** Opening DATASET SECTION block **

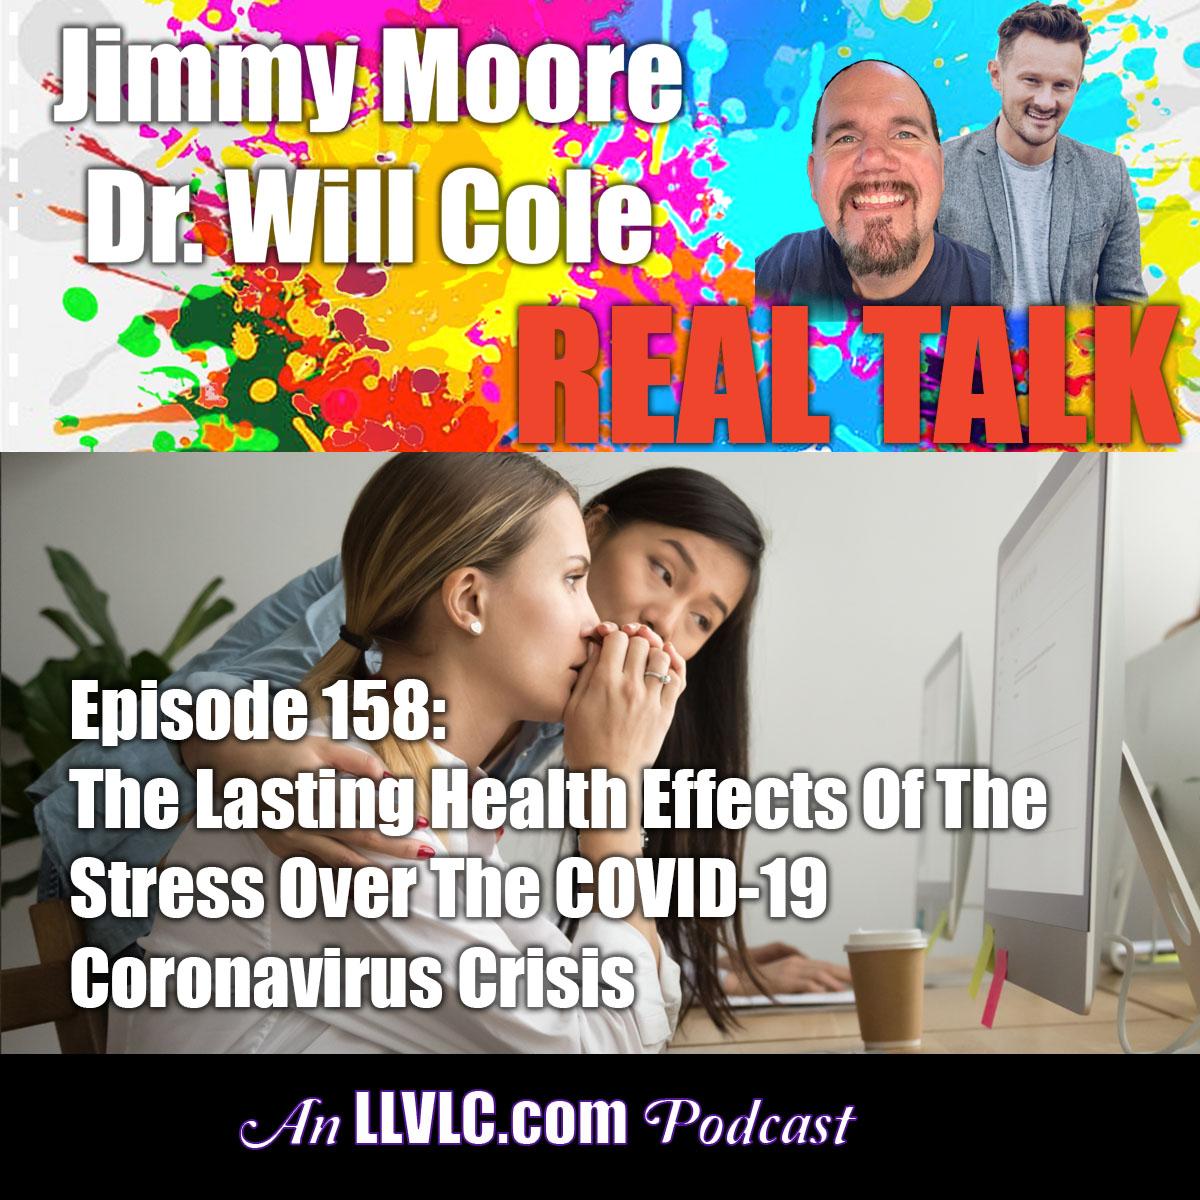 Real Talk Episode 158
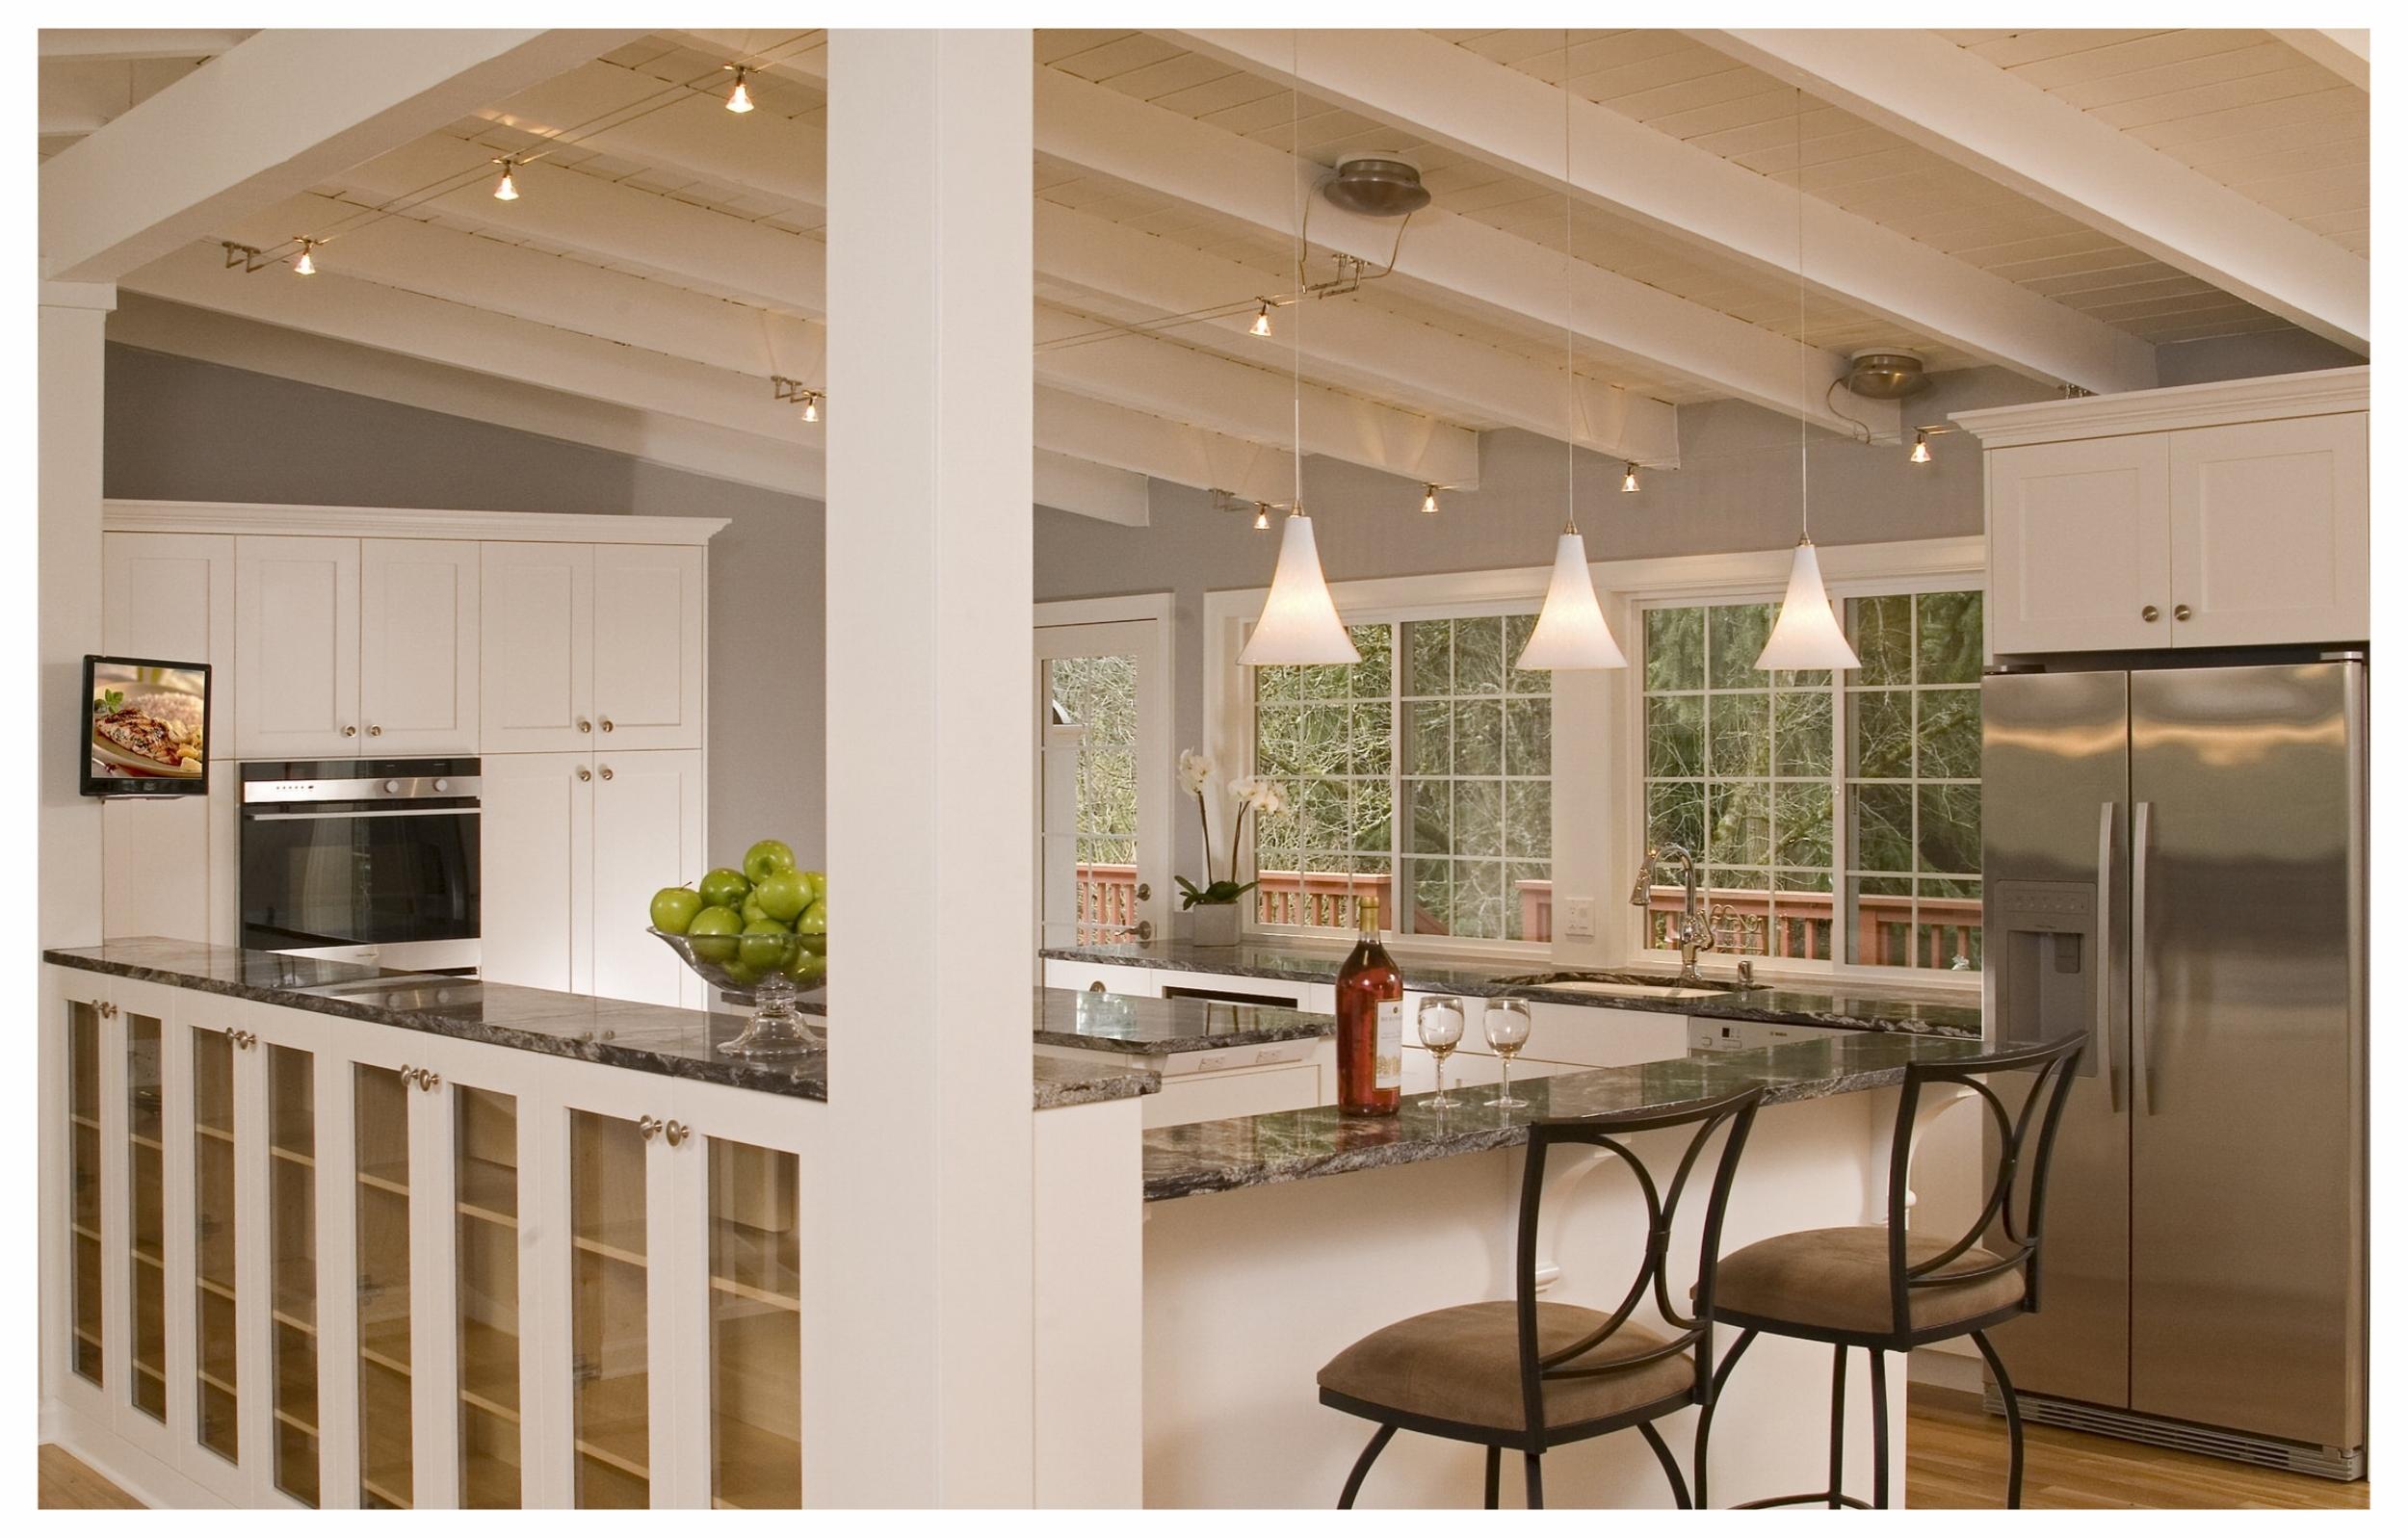 Bellevue Newport Hills Transitional Kitchen 1.jpg
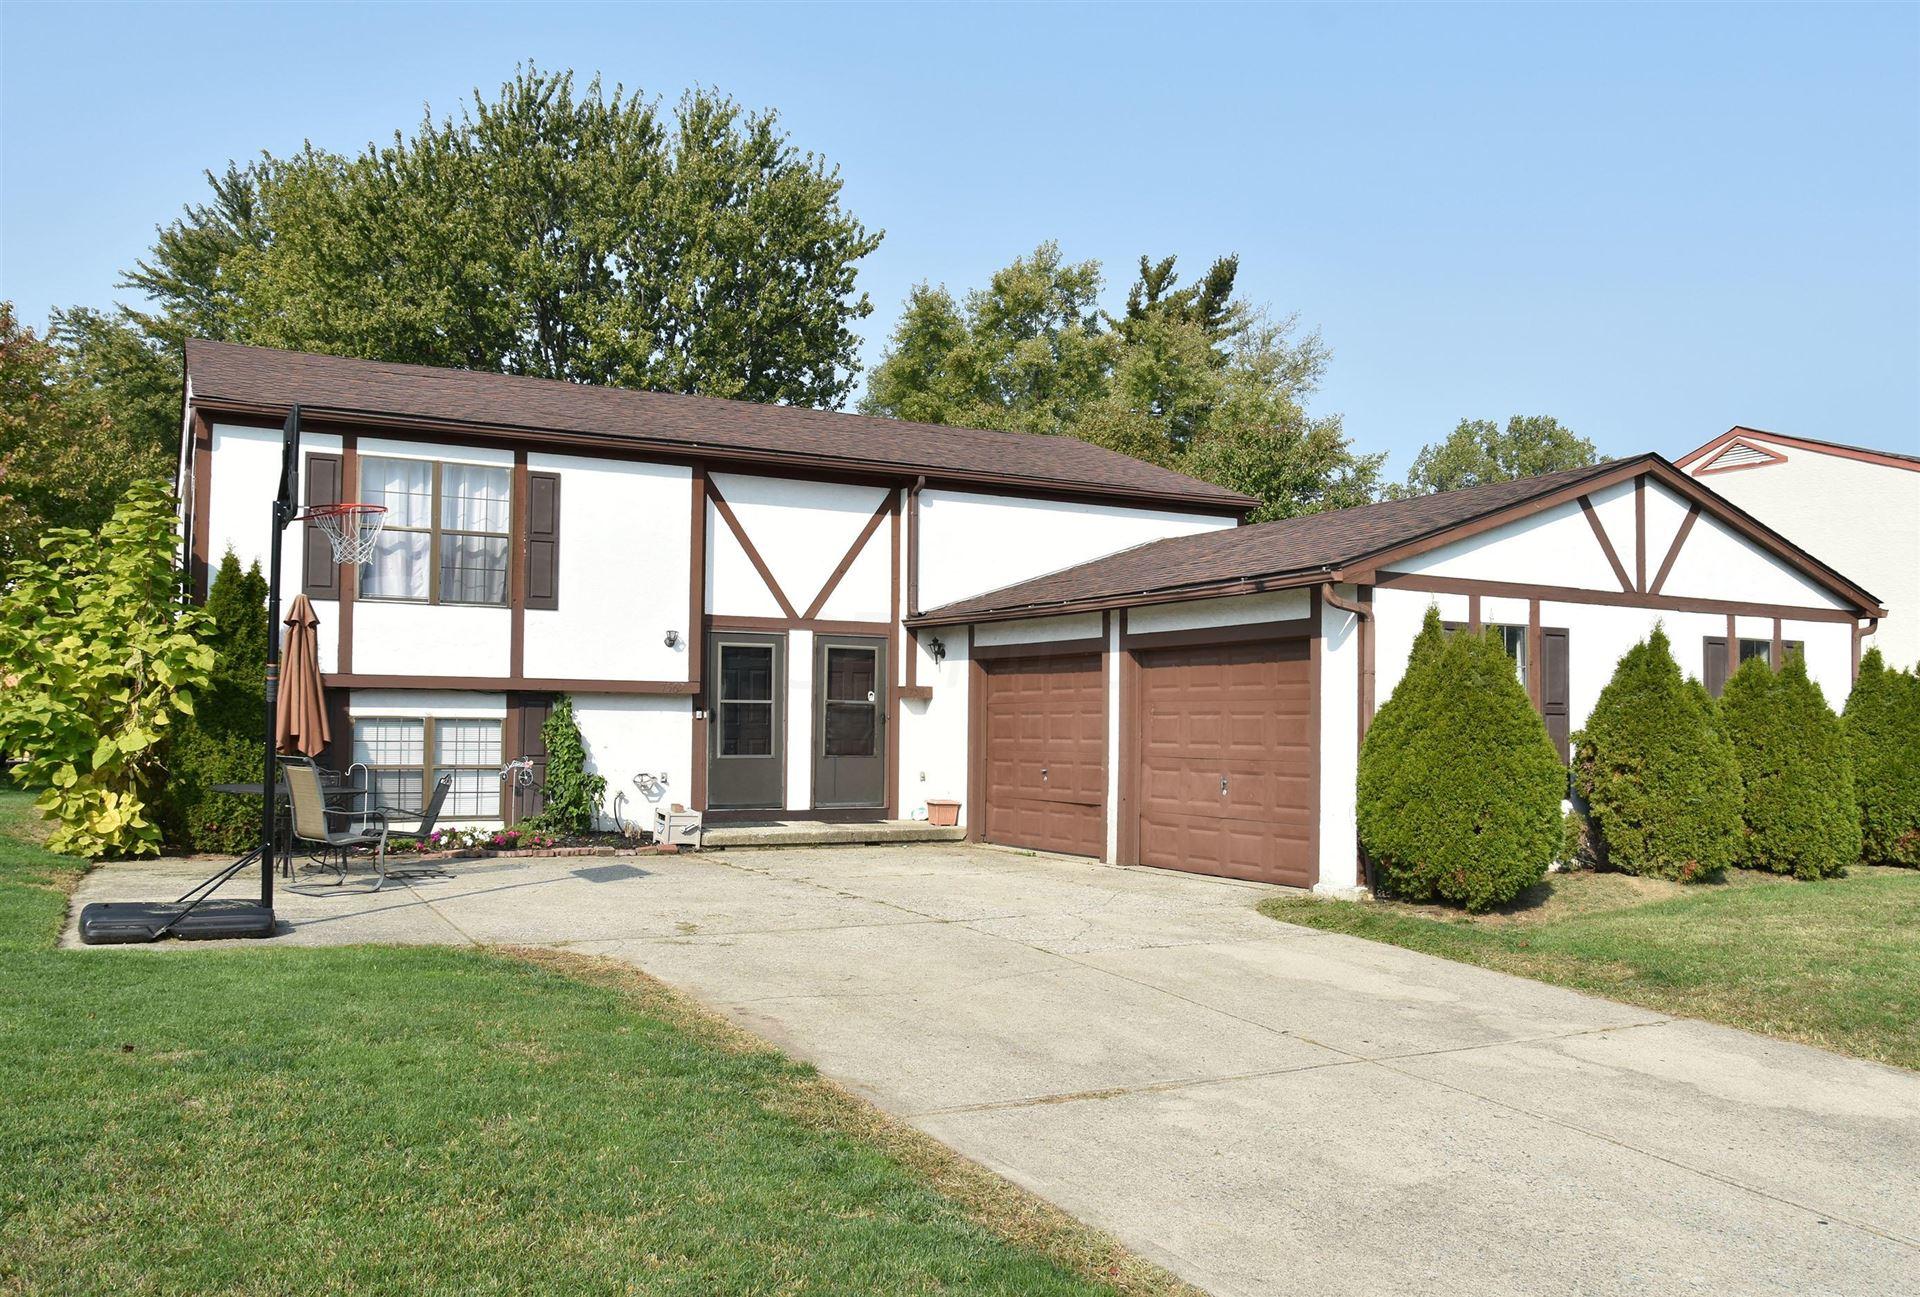 Photo of 7565 Bella Drive, Worthington, OH 43085 (MLS # 220033896)
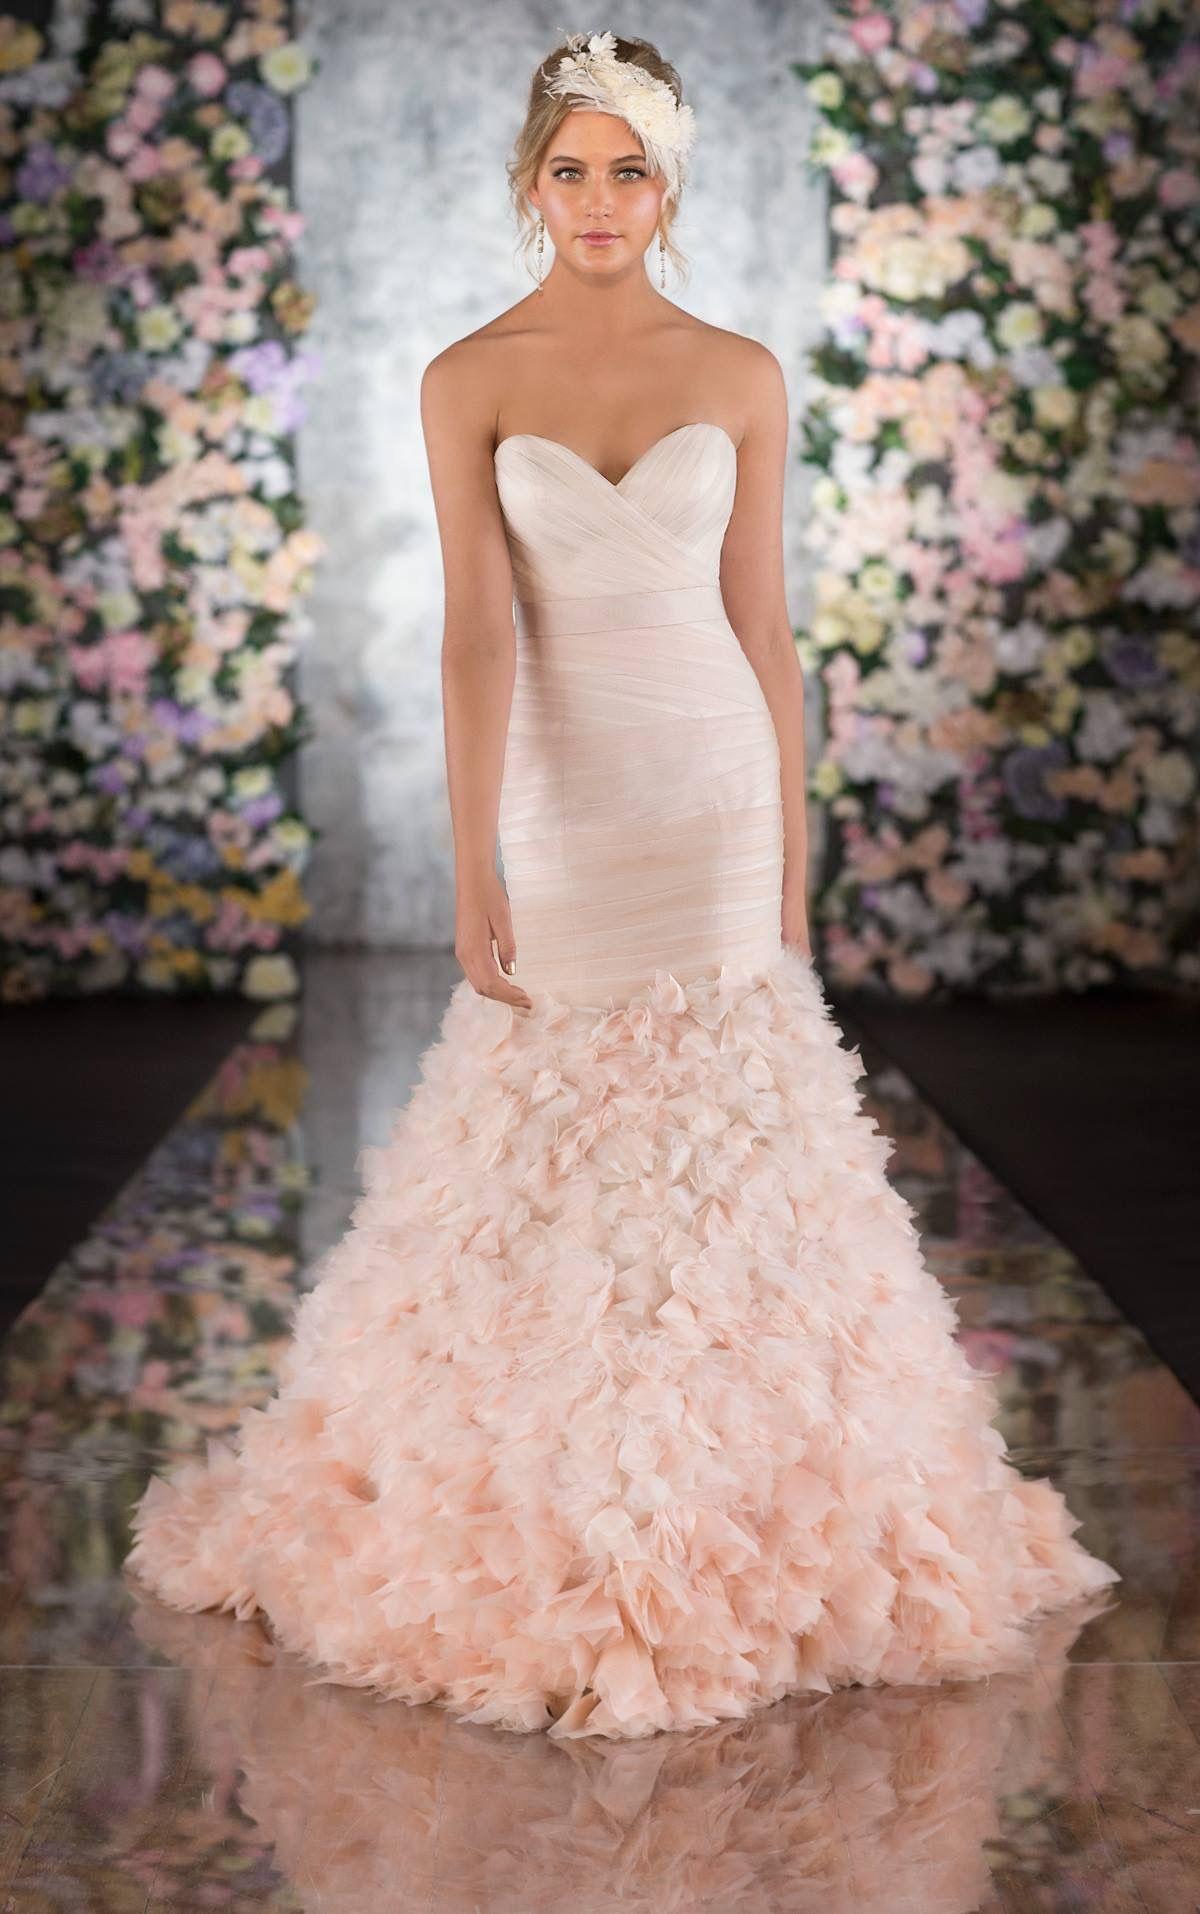 Vestido novia | Vestidos Boda | Pinterest | Vestidos boda, Novios y Boda

** Closing DATASET SECTION block **

EXERCISE OBJECTIVE: Except for the pictures, write the data out exactly.

TASK RESPONSE:
 Real Talk Episode 158
 Bellevue Newport Hills Transitional Kitchen 1.jpg
 Photo of 7565 Bella Drive, Worthington, OH 43085 (MLS # 220033896)
 Vestido novia | Vestidos Boda | Pinterest | Vestidos boda, Novios y Boda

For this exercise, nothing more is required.